▶ _COLLECTED DATA_:
◆ ◆ ◆ ◆ ◆
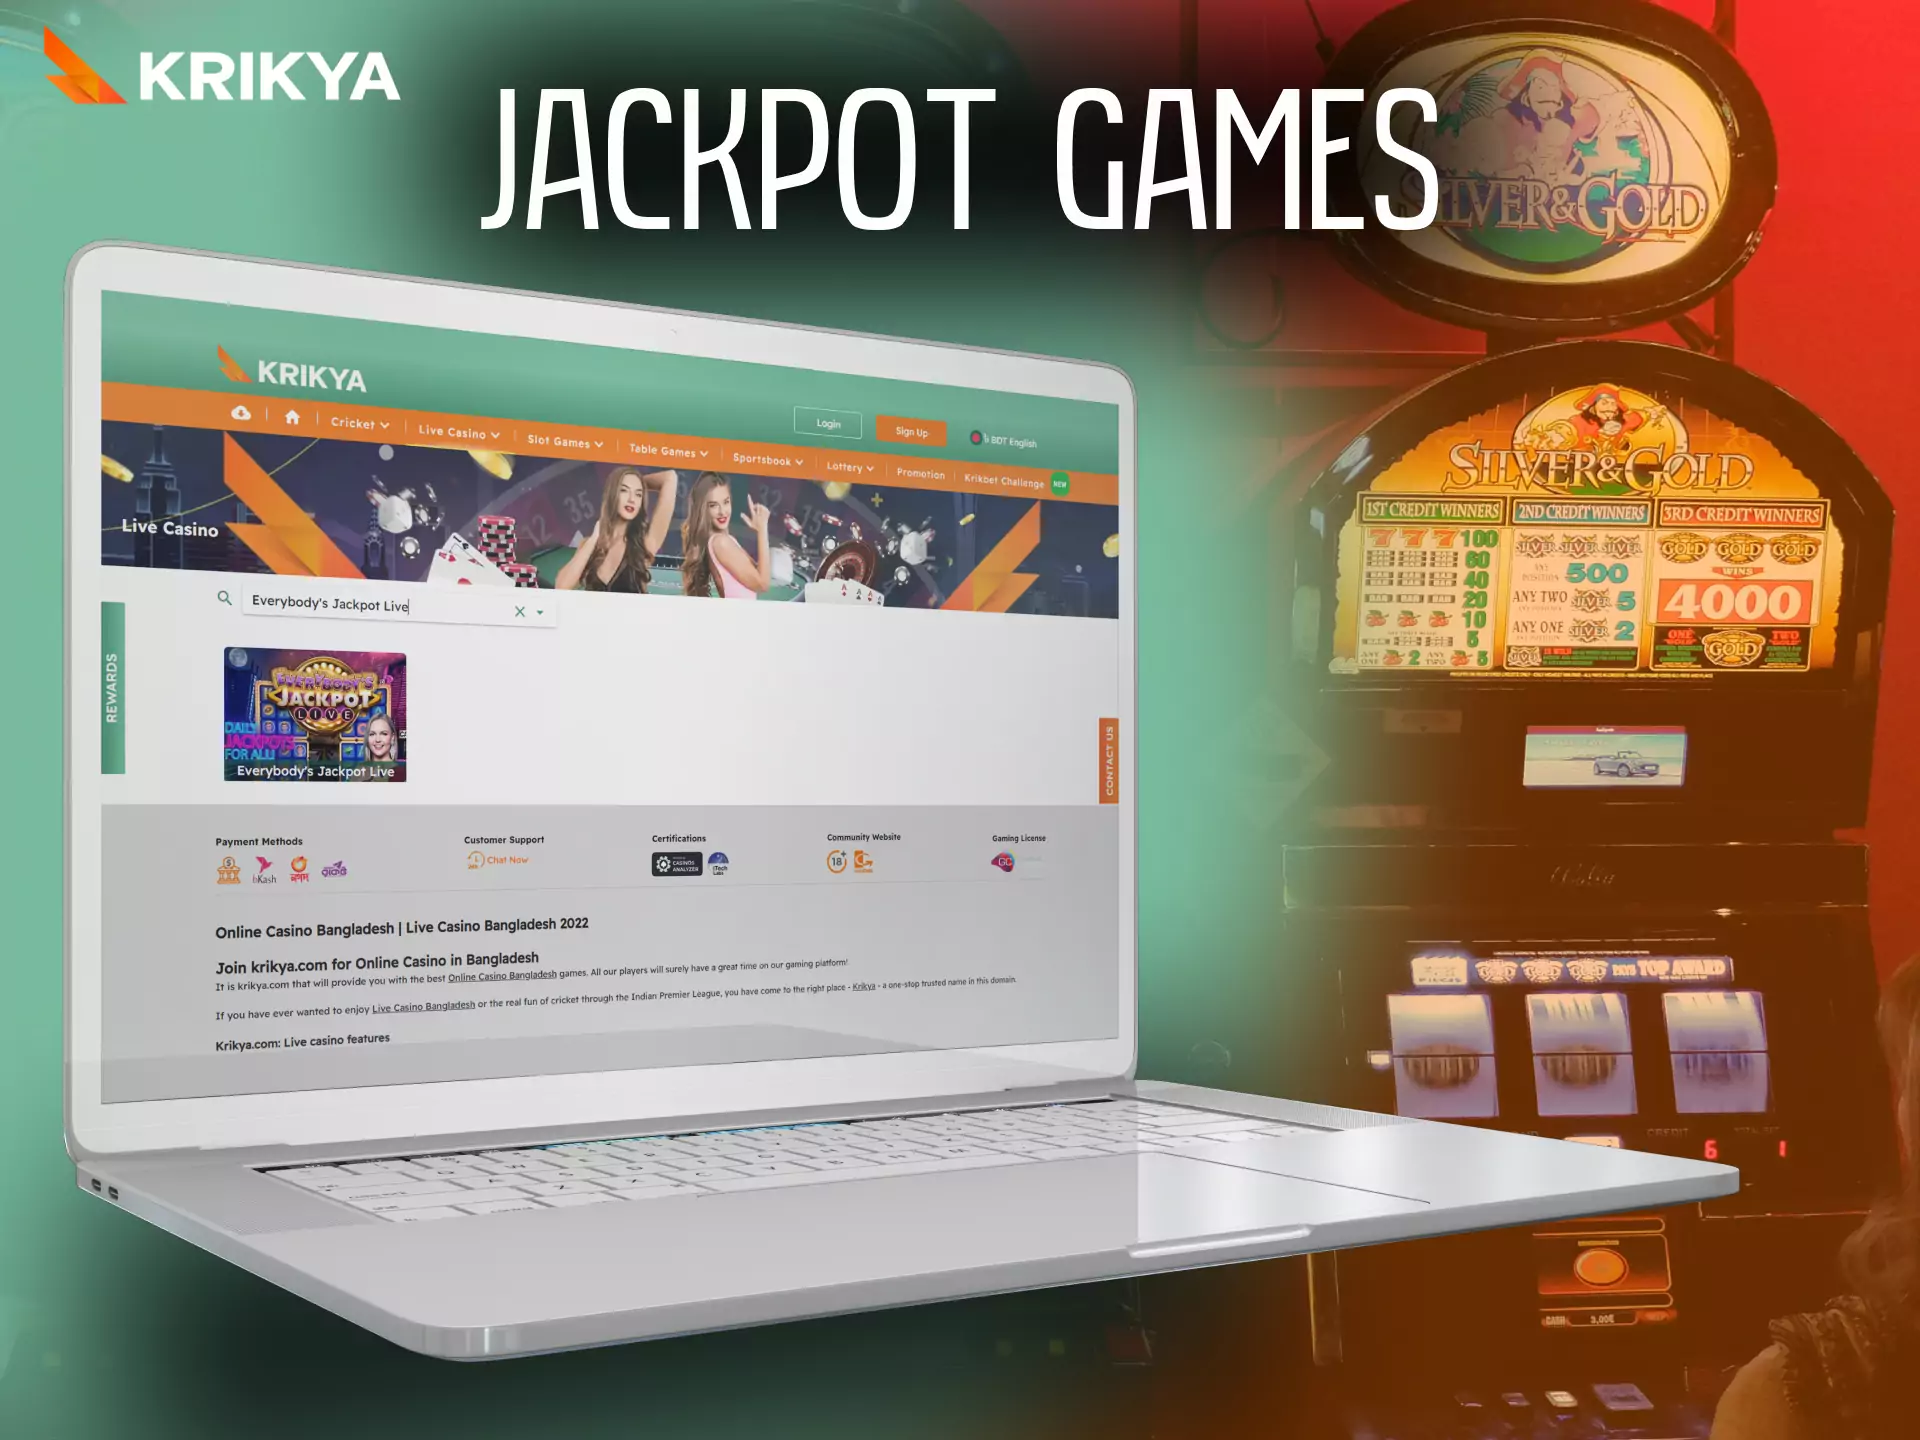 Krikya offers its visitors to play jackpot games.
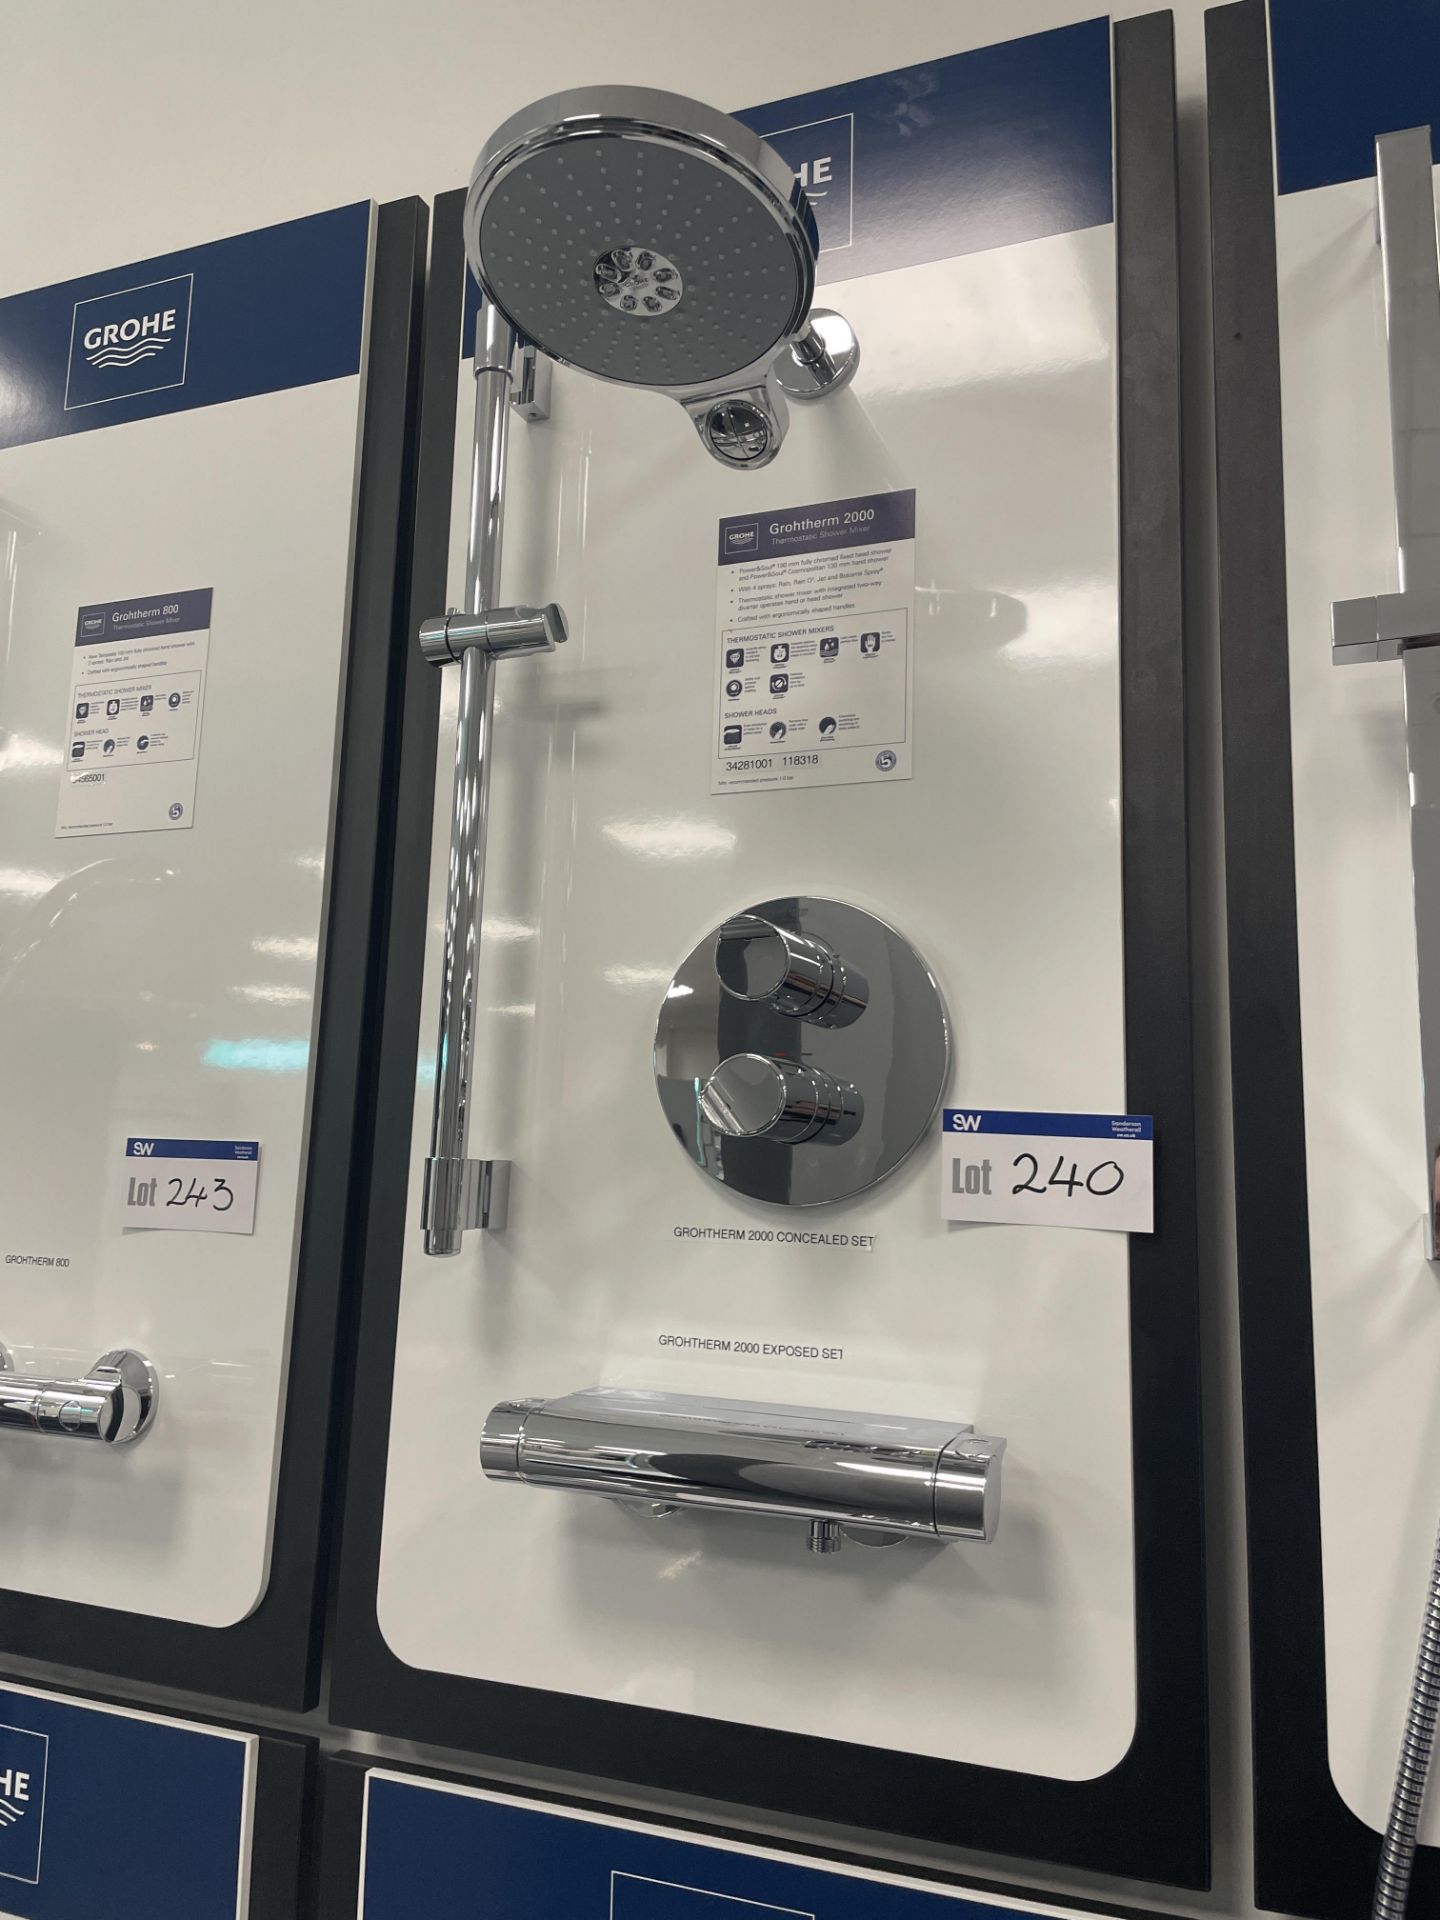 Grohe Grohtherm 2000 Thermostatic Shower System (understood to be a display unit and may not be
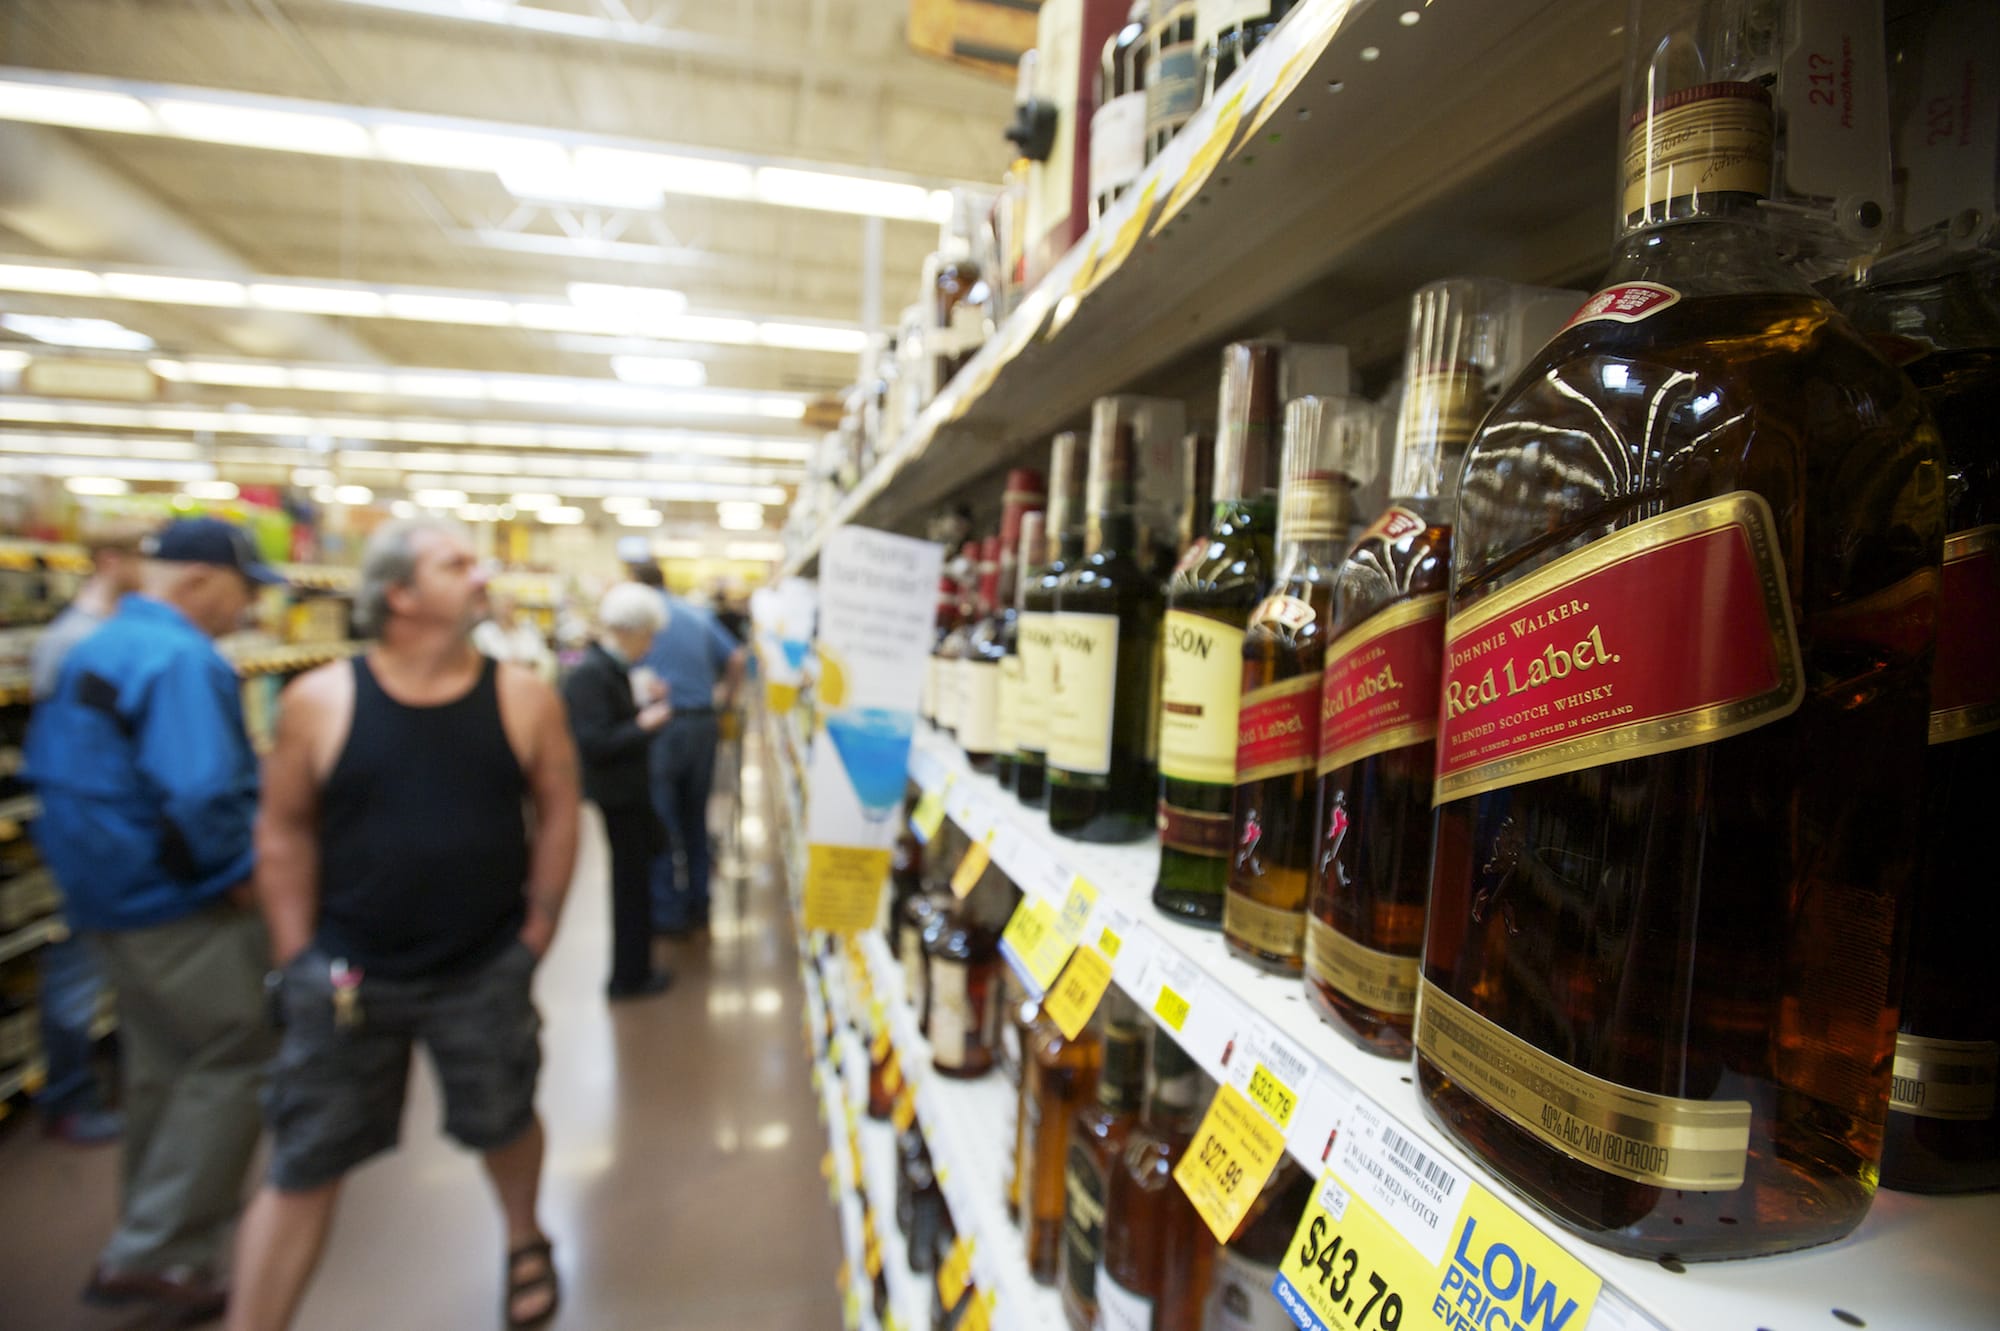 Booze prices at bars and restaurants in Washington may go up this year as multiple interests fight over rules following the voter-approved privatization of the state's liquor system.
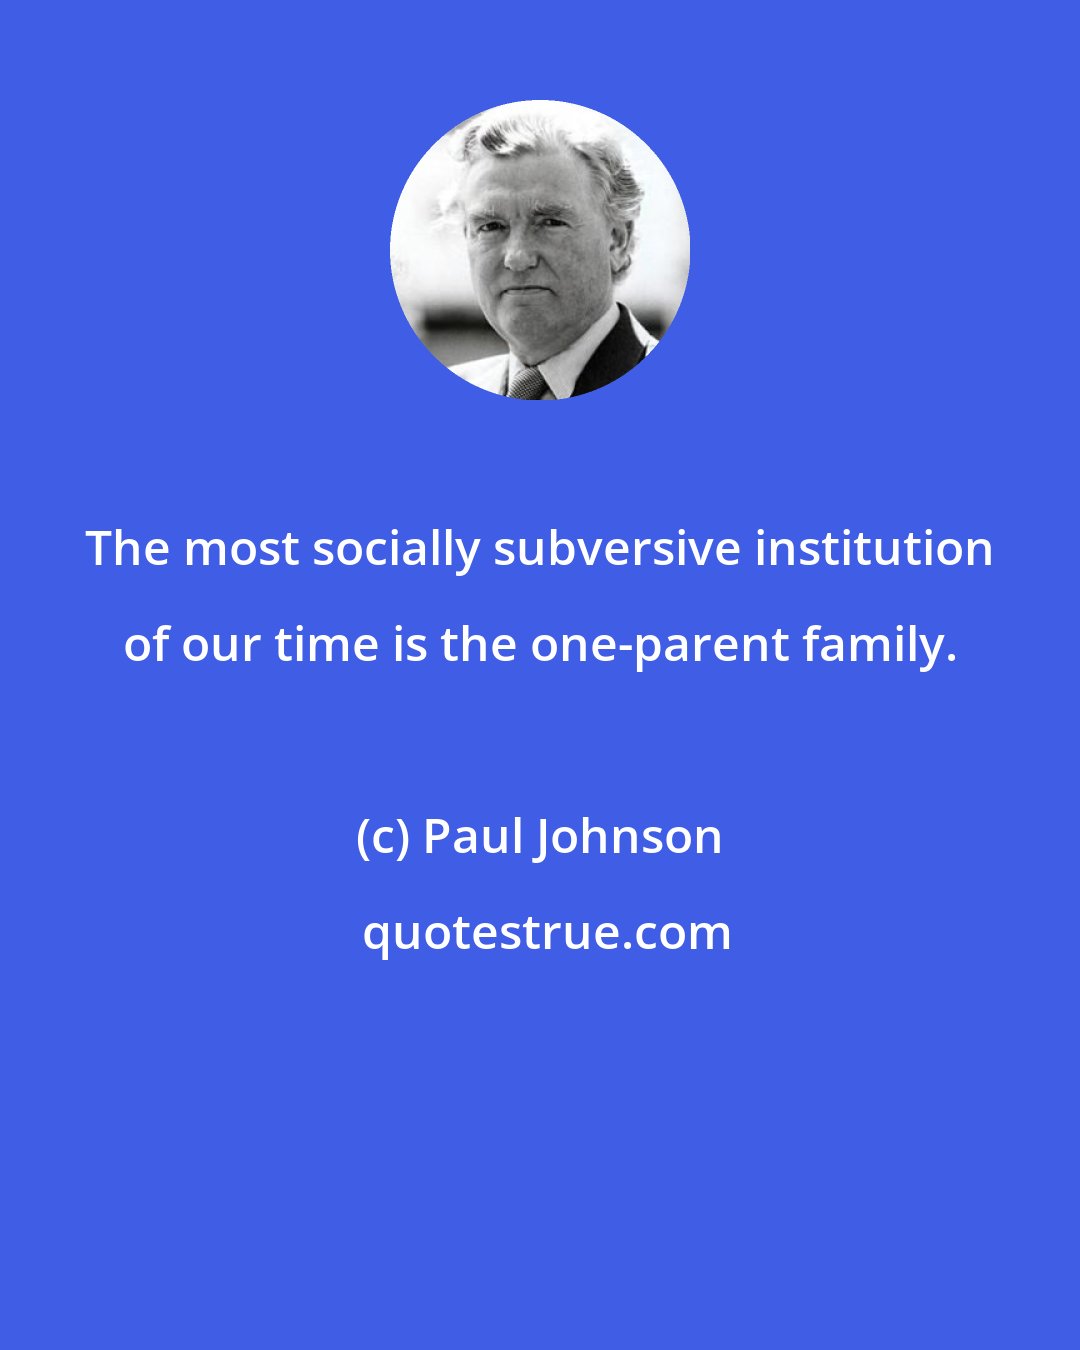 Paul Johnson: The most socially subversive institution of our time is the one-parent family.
◆ ◆ ◆ ◆ ◆
▶ _EXERCISE_:
Copy the listing over exactly, skipping the pictures it holds.

▶ _ANSWER AREA_:
 Krikya offers its visitors to play jackpot games.
 Grohe Grohtherm 2000 Thermostatic Shower System (understood to be a display unit and may not be
 Booze prices at bars and restaurants in Washington may go up this year as multiple interests fight over rules following the voter-approved privatization of the state's liquor system.
 Paul Johnson: The most socially subversive institution of our time is the one-parent family.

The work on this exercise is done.